В северной Австрии есть три Кирхштеттена, и мы проехали все три и собирались повернуть назад, когда машина выехала на тихую узкую проселочную дорогу, и мы увидели деревянную стрелу с надписью «Audenstrasse». Раньше он назывался (если я точно помню) «Хинтерхольц», потому что за лесом переулок вёл на местное кладбище. Переименование, по-видимому, было связано не столько с готовностью жителей деревни избавиться от этого «memento mori», сколько с их уважением к великому поэту, живущему среди них.Поэт отнесся к ситуации со смесью гордости и смущения. Однако у него было более ясное отношение к местному священнику, которого звали Шикельгрубер: Оден не мог устоять перед удовольствием называть его «отец Шикльгрубер».

Все, что я узнаю позже. Тем временем Карл Проффер пытался объяснить причины нашего пребывания здесь коренастому, сильно вспотевшему мужчине в красной рубашке и широких подтяжках, с пиджаком на руке и стопкой книг под ним. Мужчина только что приехал поездом из Вены и, взобравшись на холм, задыхался и не располагал к разговору.Мы уже собирались сдаться, когда он внезапно понял, о чем говорил Карл Проффер, и закричал: «Невозможно!» и пригласил нас в дом. Это был Уистан Оден, и прошло меньше двух лет до его смерти.

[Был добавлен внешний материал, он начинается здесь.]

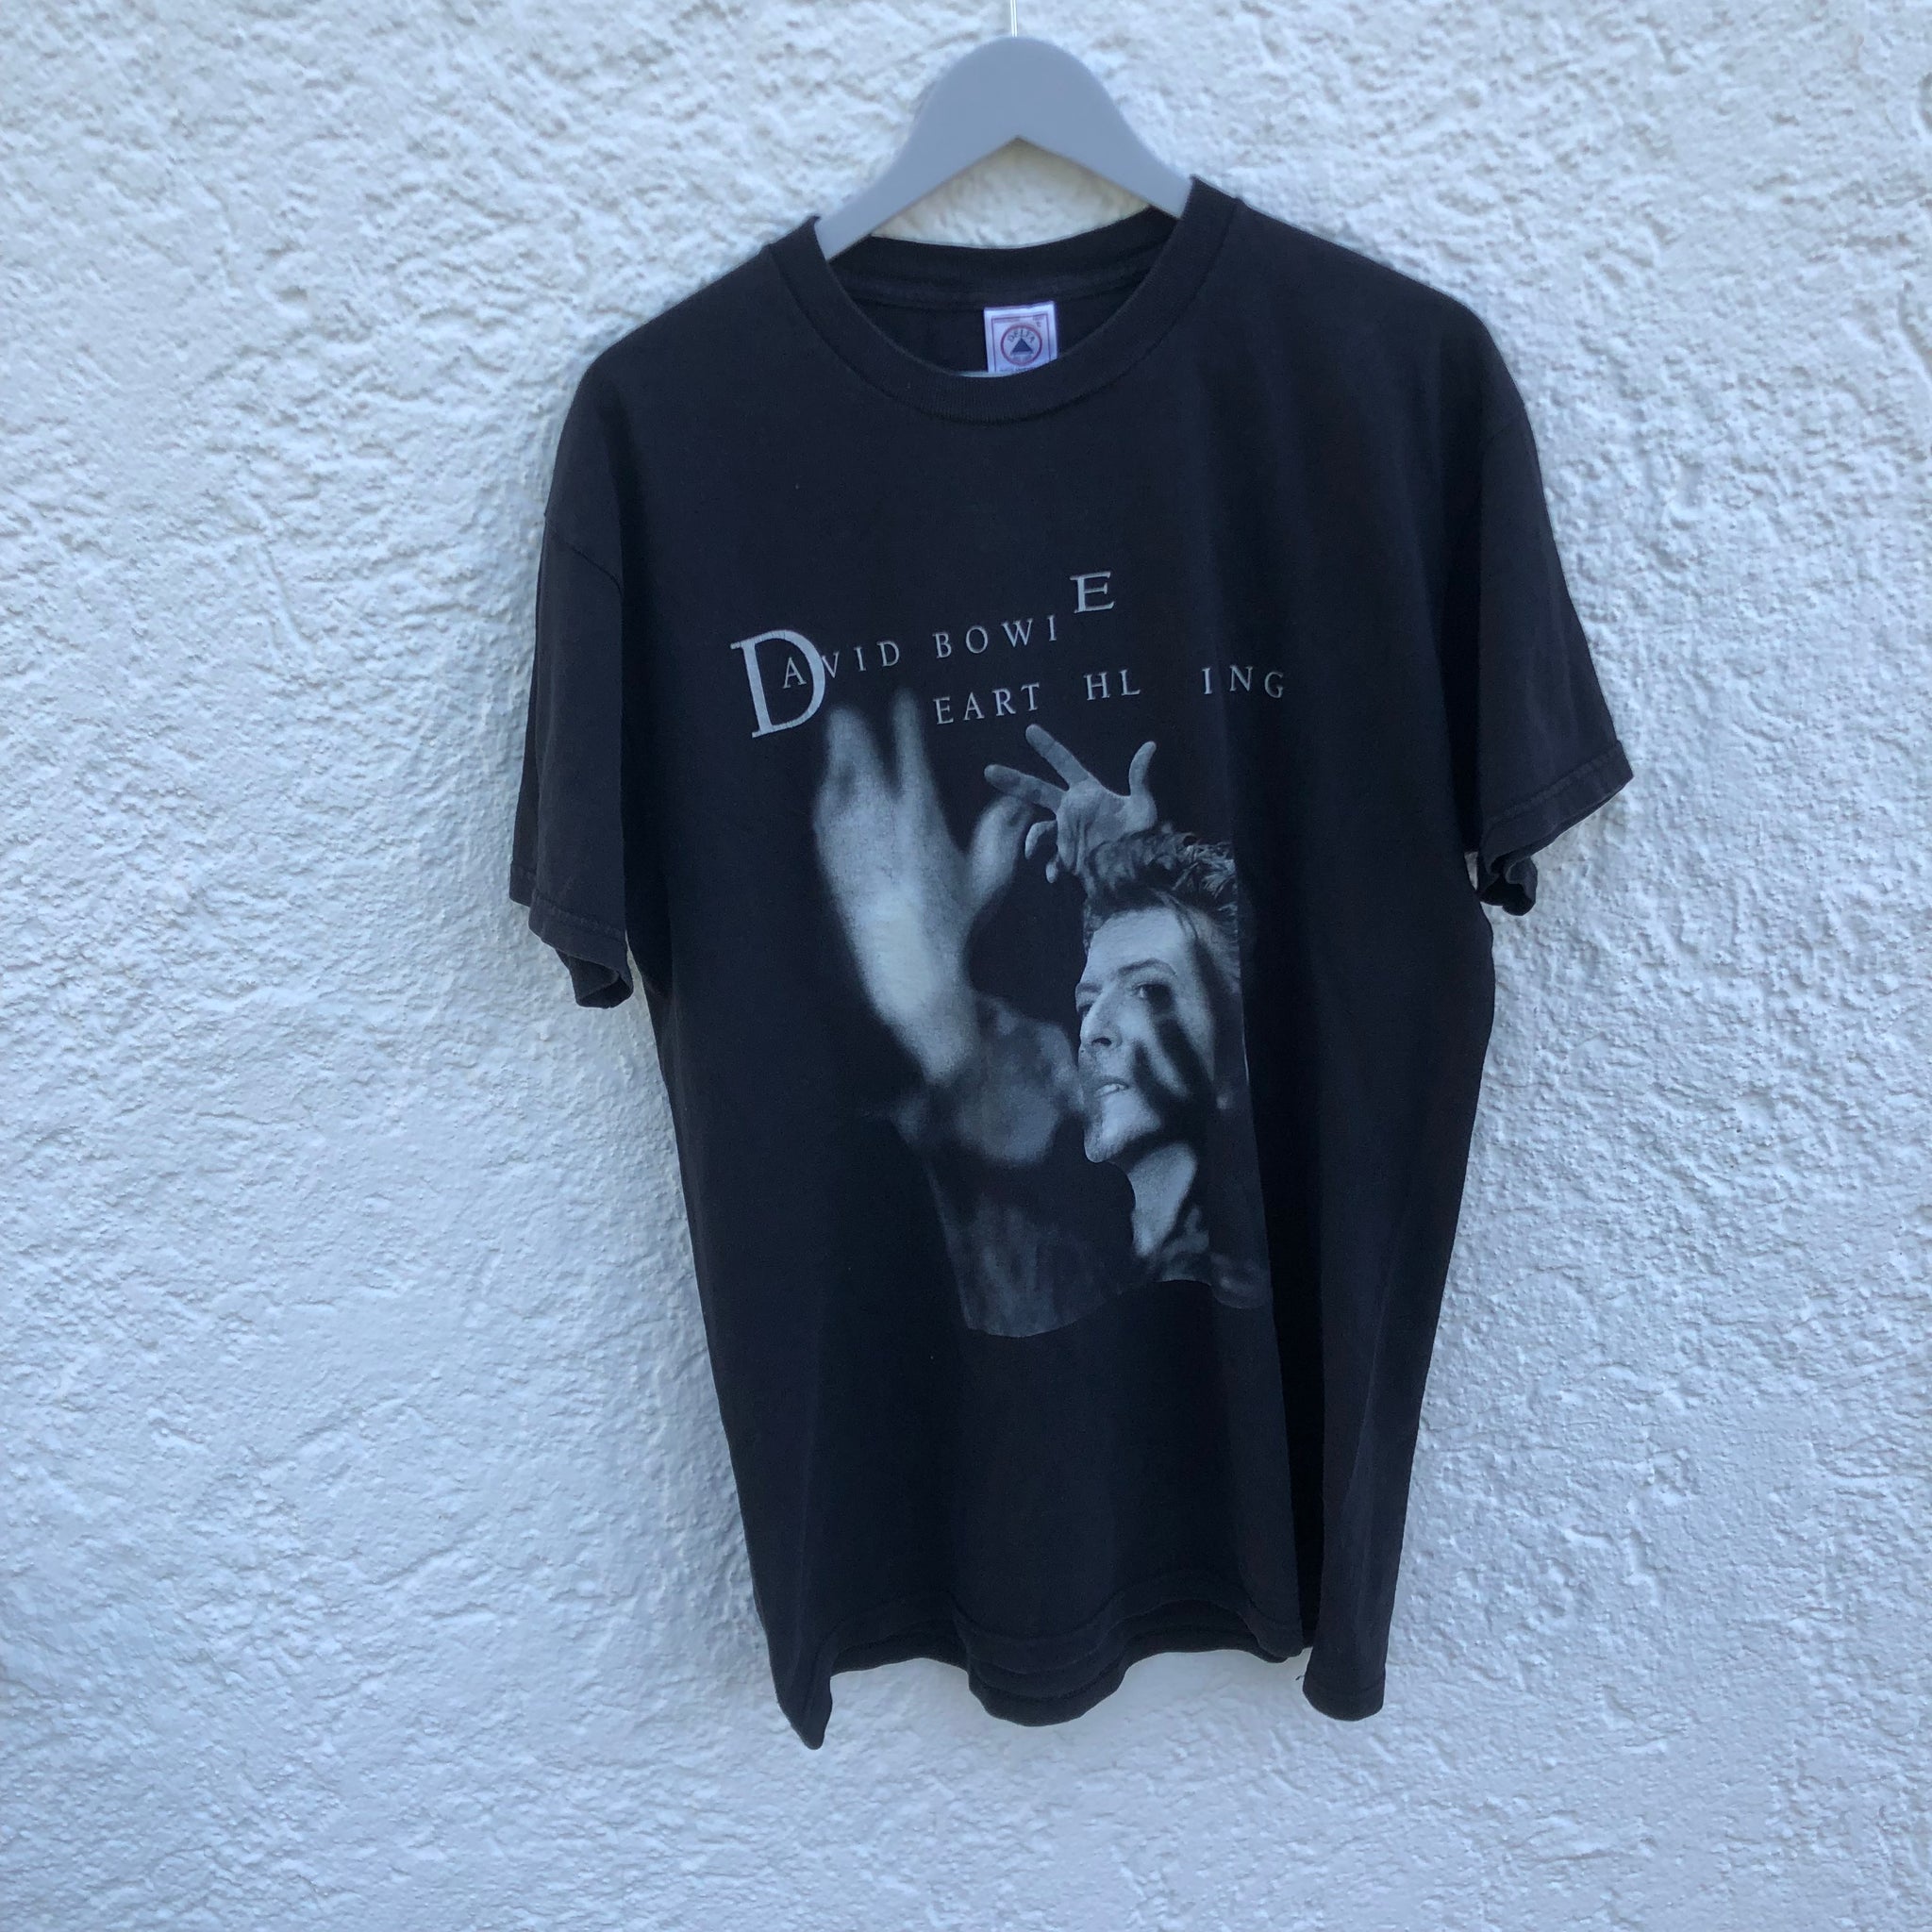 Vintage Black David Bowie "Earthling" T-Shirt 1997 Tee

Позвольте мне попытаться прояснить, как все это произошло. Еще в 1969 году Джордж Л. Клайн, профессор философии в Брин-Мор, посетил меня в Ленинграде. Профессор Клайн переводил мои стихи на английский язык для издания Penguin и, когда мы просматривали содержание будущей книги, он спросил меня, кого я в идеале предпочел бы написать вступление.Я предложил Одена — потому что Англия и Оден тогда были для меня синонимами. Но тогда вся перспектива публикации моей книги в Англии была совершенно нереальной. Единственное, что придавало подобие реальности этой затее, была ее явная незаконность по советским законам.

Все-таки дело пошло. Одену дали рукопись для прочтения, и она ему настолько понравилась, что он написал введение. Итак, когда я приехал в Вену, я нес с собой адрес Одена в Кирхштеттене. Оглядываясь назад и думая о разговорах, которые мы вели в течение последующих трех недель в Австрии, а затем в Лондоне, я слышу больше его голоса, чем свой, хотя, должен сказать, я довольно подробно расспрашивал его на тему

современной поэзии, особенно о самих поэтах.Тем не менее, это было вполне понятно, потому что единственная английская фраза, в которой я знал, что не ошибаюсь, была «Мистер Оден, что вы думаете о …» — и имя должно было следовать.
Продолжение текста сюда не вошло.